AMAZING! I feel like i am underwater in the rice paddies......


----------



## Romad (Jun 28, 2009)

Great job :thumbsup:


----------



## kfryman (Nov 7, 2011)

What makes it an NPT? A NPT simply means soil based substrate. Yours seems just planted.

Looks very nice though, I would trim some of the plants down though so you can see that small sword or move it.


----------



## DiiQue (Jul 15, 2012)

kfryman said:


> What makes it an NPT? A NPT simply means soil based substrate. Yours seems just planted.
> 
> Looks very nice though, I would trim some of the plants down though so you can see that small sword or move it.


Sorry for my newbness with the terms. =) I thought NPTs were any aquarium with live plants that were "planted" into the substrate, hence "planted tank", or in my case a newly planted tank. I'm using the CaribSea Eco-Complete substrate, so dont know if this would equal to the soil based substrate you mention. 

So for it to be an actual NPT, I would have to use sand (like pool filtered sand others recommend) or actual soil?


----------



## Laki (Aug 24, 2011)

Wow that's a tank to be proud of! Great job!


----------



## laoshun (Apr 3, 2012)

it has to have soil underneath and u can have sand over top.


----------



## kfryman (Nov 7, 2011)

You literally have soil in the tank, like in my sorority, and use something just to cap it, sand or gravel both work. A NPT stands for Naturally Planted Tank. Ecocomplete is Flourite, which is much different than dirt, but can still give you more benefits than just plain gravel or sand as it has nutrients in it.

People use pool filter sand to cap the soil so it doesn't just float up and it stays on the bottom.


----------



## DiiQue (Jul 15, 2012)

Man you guys are fast. I did a google search for the meaning of NPT and of course, it stands for NATURAL Planted Tank... I thought it stood for NEW Planted Tank. LOL, now I feel stupid. Thanks for clarifying that for me so I don't go around telling people the wrong information. 

Now I gotta see if they can ship the pool filter sand to me via APO, though the smallest I can find are 50lb bags and I just have a 5g and a 1.5g tank (soon to be another 5g)... my wife is not going to be happy. Oh well, gotta do what we gotta do for our watery friends. =) 

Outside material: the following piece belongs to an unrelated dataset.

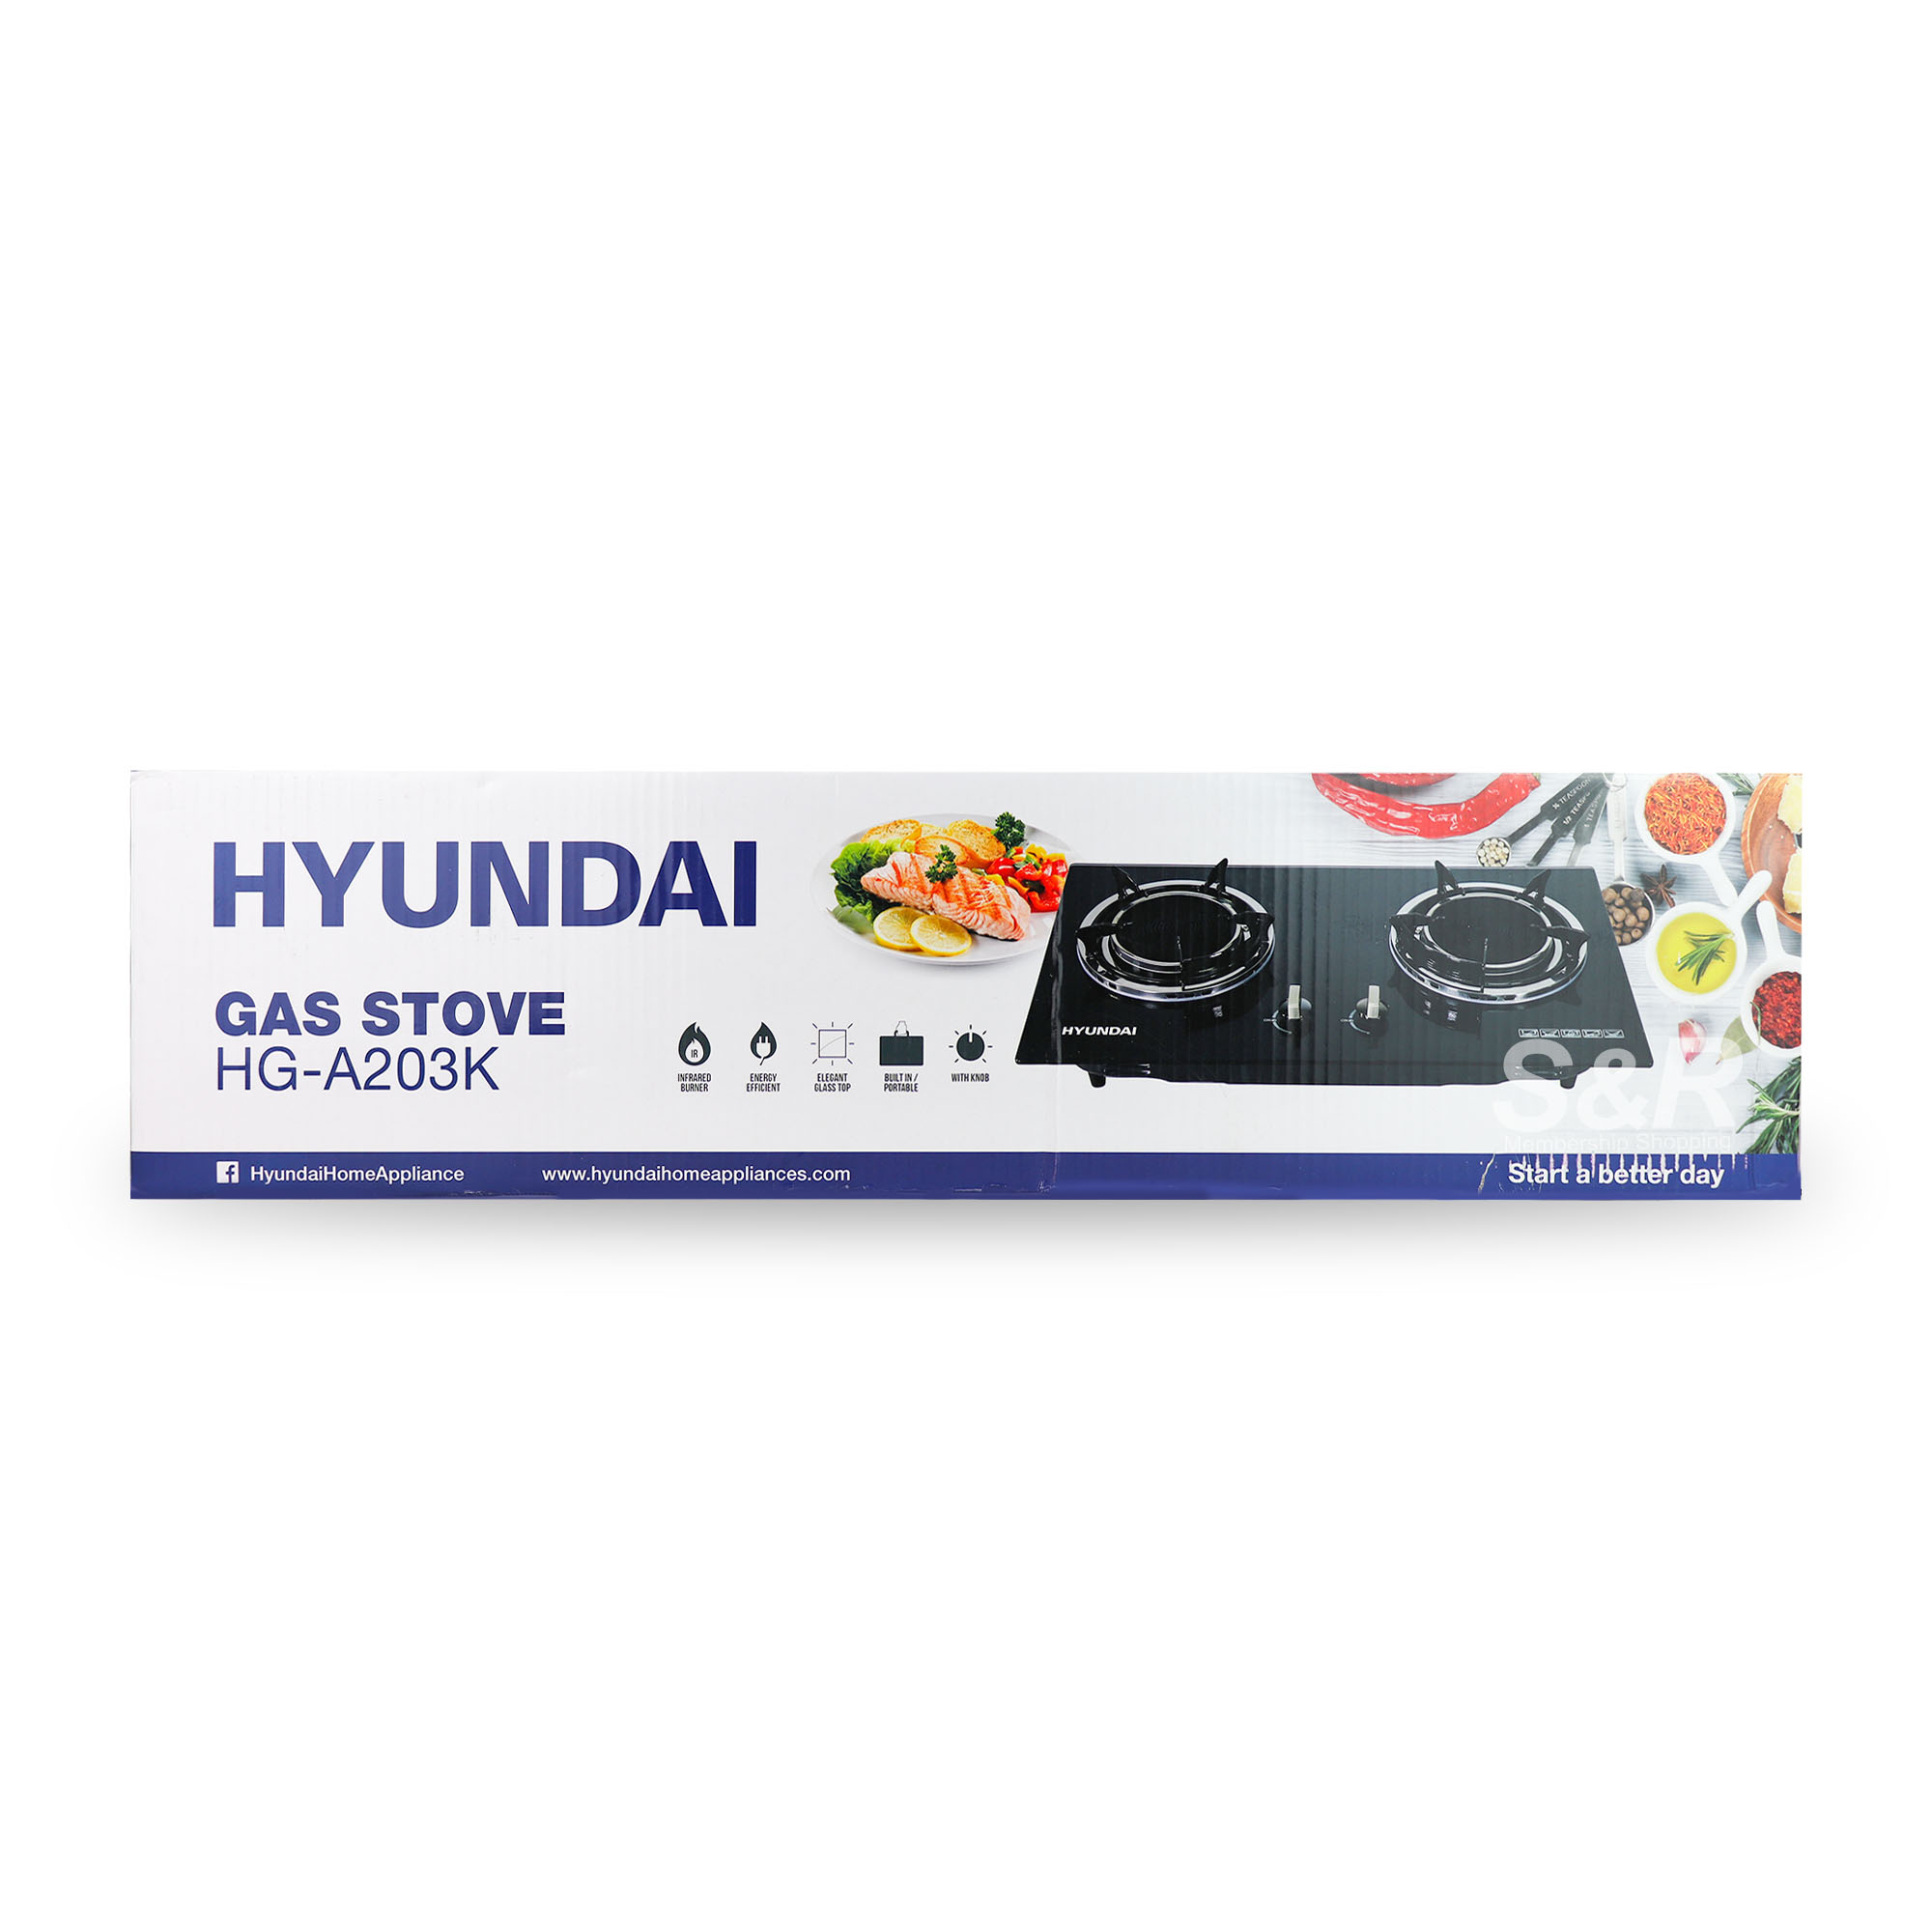 Hyundai Gas Stove HG-A203K

Thanks again kfryman and laoshun for enlightening me!


----------



## kfryman (Nov 7, 2011)

There is no need to change all of your tanks to dirt as it does have some draw backs at first. The 5 gallon is fine with ecocomplete it looks great! The smaller tank you could try dirt with a sand cap. Talk to OFL if you are serious about it. She also has a thread for her 55 gallon NPT. But yes, PM her and ask her on how to start an NPT and all that.


----------



## DiiQue (Jul 15, 2012)

No worries. I wont change the current 5g but will read up on NPTs in greater depth. I'll most likely take your advice about setting up the 1.5, probably put some shrimp in there after I move the Doctor out into a bigger tank. Thanks again!


----------



## ao (Feb 29, 2012)

I highly doubt the plant on the bottom right is aquatic...


----------



## DiiQue (Jul 15, 2012)

aokashi said:


> I highly doubt the plant on the bottom right is aquatic...


That's my worry... we'll see how it holds up. Still going strong though and it's the favorite hiding spot for the little guy. Gotta ask the vendor what it's called when we go back to that market.


----------